**Requirement**
Pictures are not part of the answer. Write out exactly the lines from the one containing "Close-up of sleepy lion staring at camera" through the end of the material below.

Top of Provided material

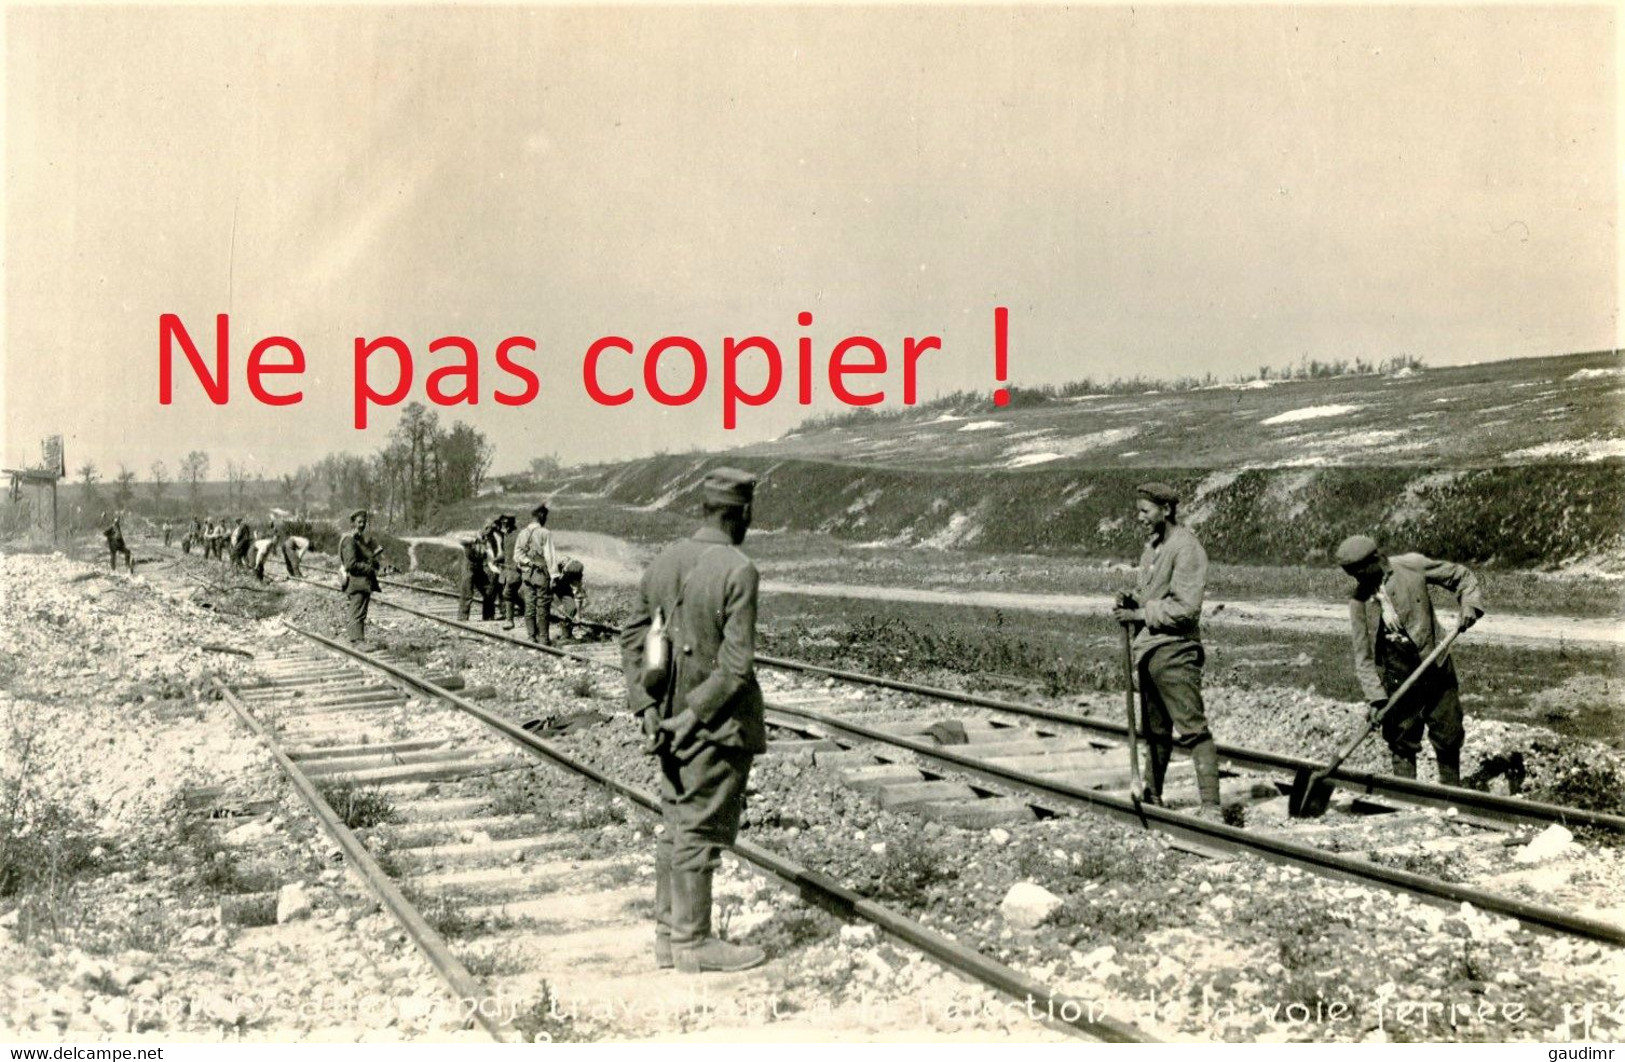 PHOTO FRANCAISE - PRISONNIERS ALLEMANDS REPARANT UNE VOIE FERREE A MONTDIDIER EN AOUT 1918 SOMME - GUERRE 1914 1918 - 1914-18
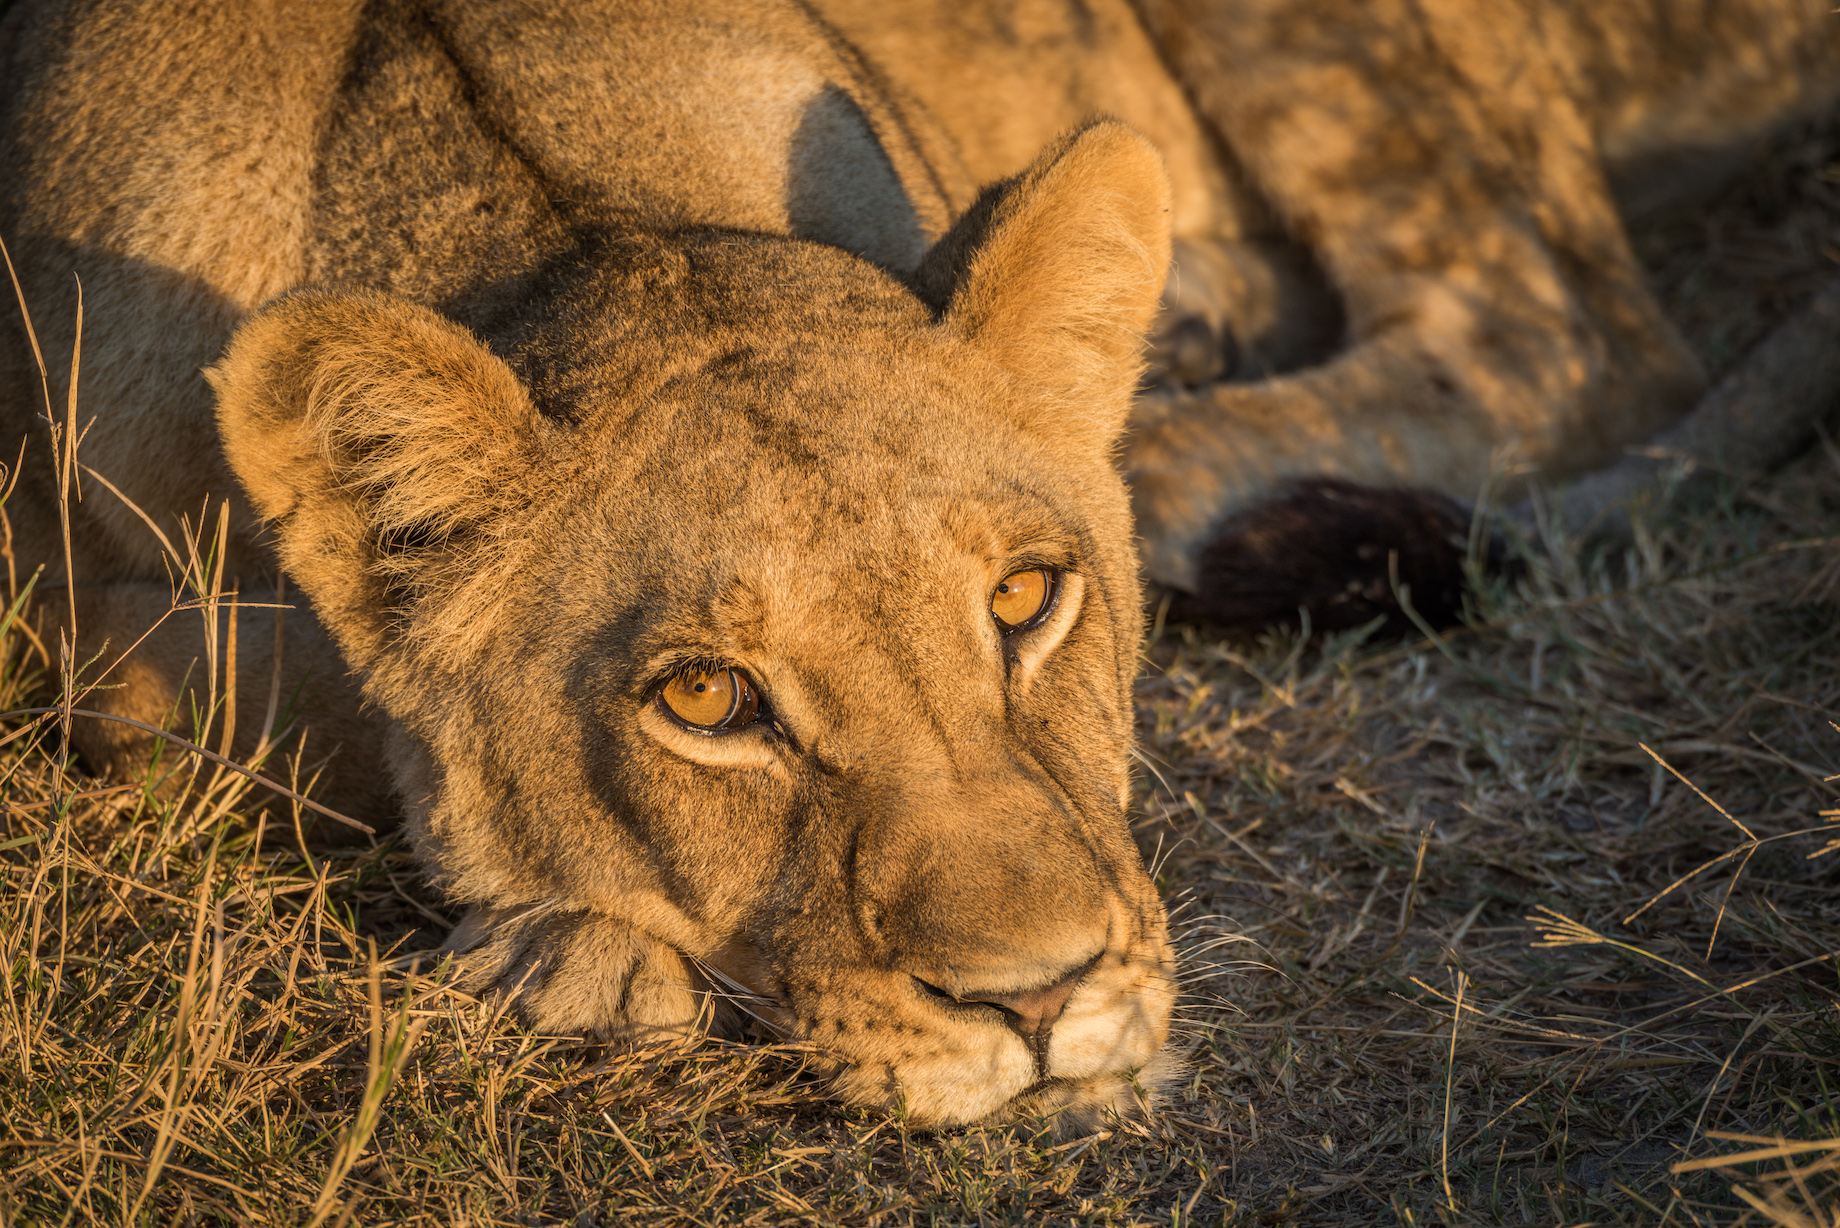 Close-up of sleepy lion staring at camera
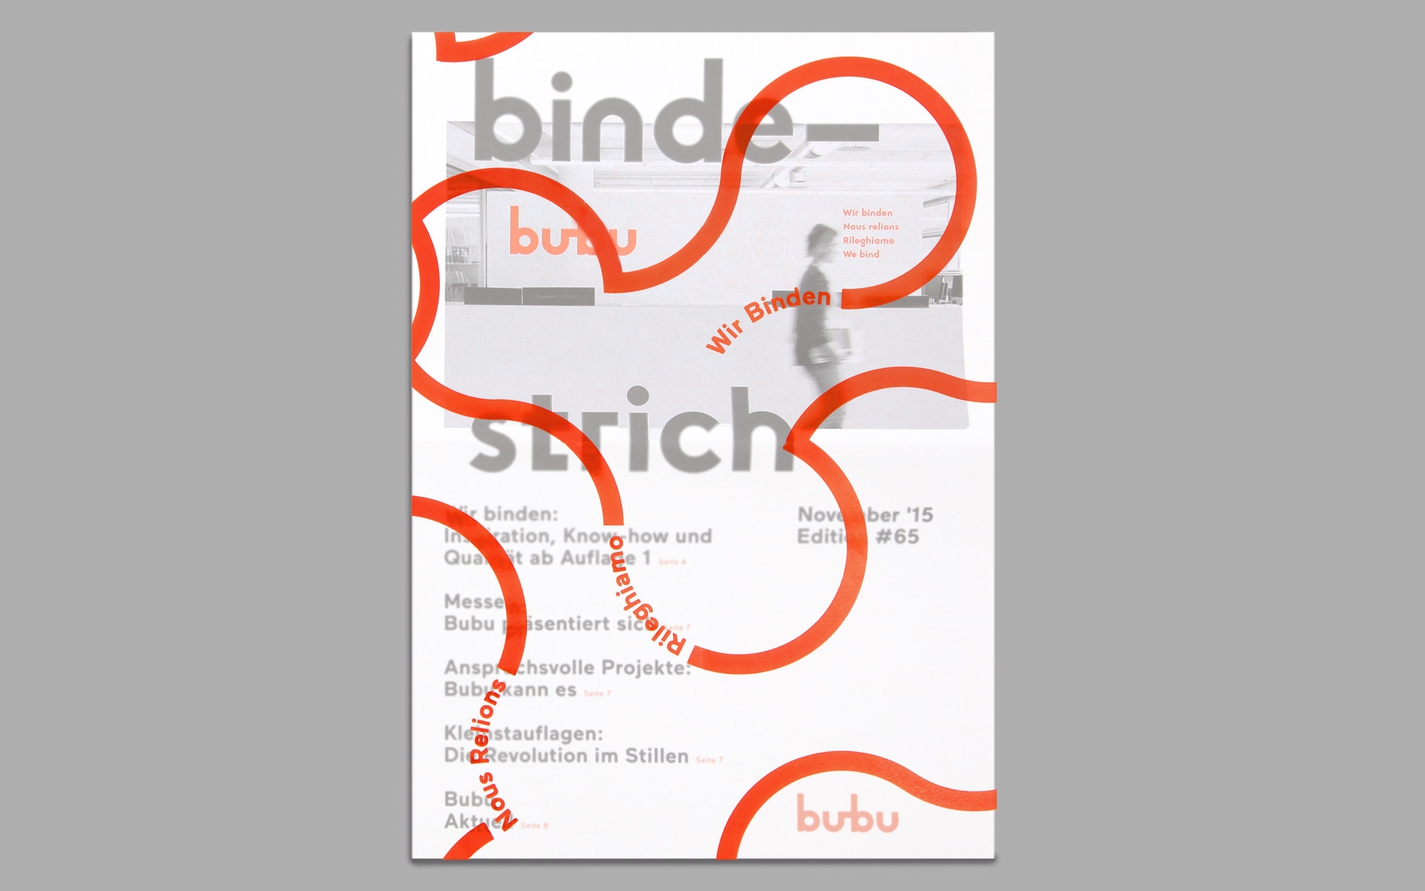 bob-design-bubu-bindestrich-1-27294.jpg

Bottom of Provided material

**Response area**
 Close-up of sleepy lion staring at camera
 bob-design-bubu-bindestrich-1-27294.jpg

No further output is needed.